Long-term reliability is one of the major requirements for the operation of automotive exhaust aftertreatment systems based on selective catalytic reduction (SCR). For an efficient reduction of nitrogen oxides in the SCR catalyst it is desirable that the thermolysis of the injected urea water solution (UWS) is completed within the mixing section of the exhaust system. Urea might undergo a number of secondary reactions leading to the formation of solid deposits on system walls. A deeper understanding of the mechanisms and influence factors is a basic requirement to prevent and predict undesired decomposition products.

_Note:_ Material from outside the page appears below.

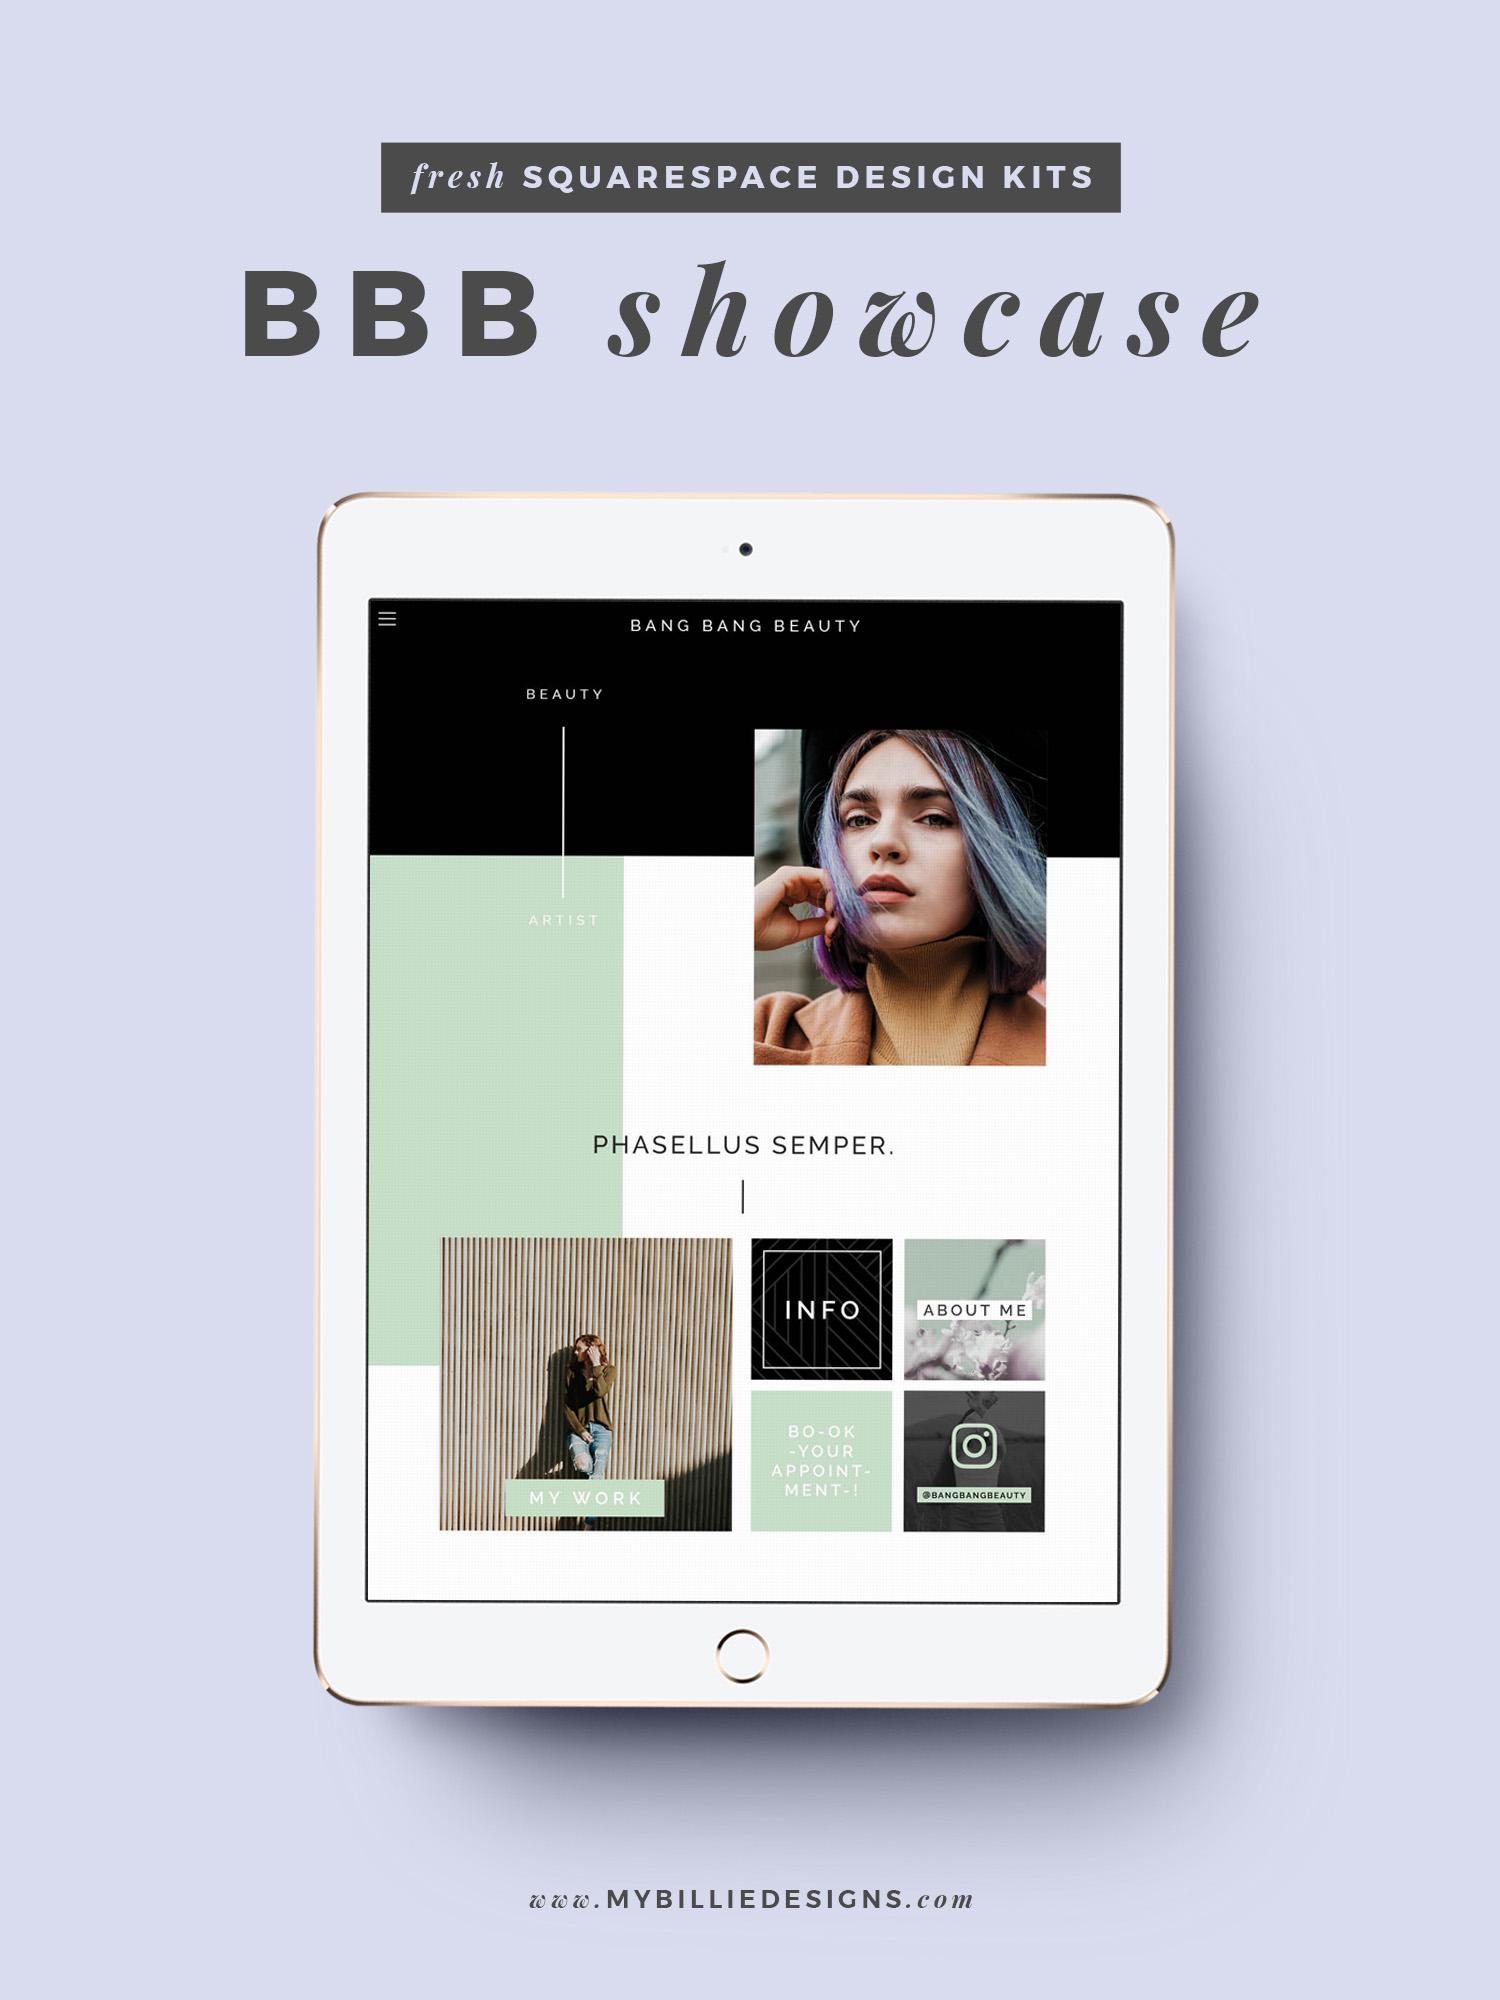 MBD Squarespace Design Kits | BBB Design + Customization Ideas

This paper outlines the mechanisms of UWS transport and deposition on a typical mixing element geometry. The conditions leading to deposit formation were investigated based on optical and temperature measurements in a box with optical access. A good correlation with the deposit location observed at the close-to-series exhaust system was found. A chemical analysis complemented the investigations. Wall film formation and propagation within the SCR system were simulated with a validated CFD model. Numerous influence parameters were studied and integrated into a predictive post-processing routine.
The observations show that deposits can be formed up to Leidenfrost temperature. The liquid film pathways did not change significantly depending on the operating conditions. An increase of the UWS injection rate solely shifted the deposit location.
Further work is necessary to enhance and verify the modelling approach with respect to wall film and deposit chemistry. It will also focus on decreasing simulation wall time.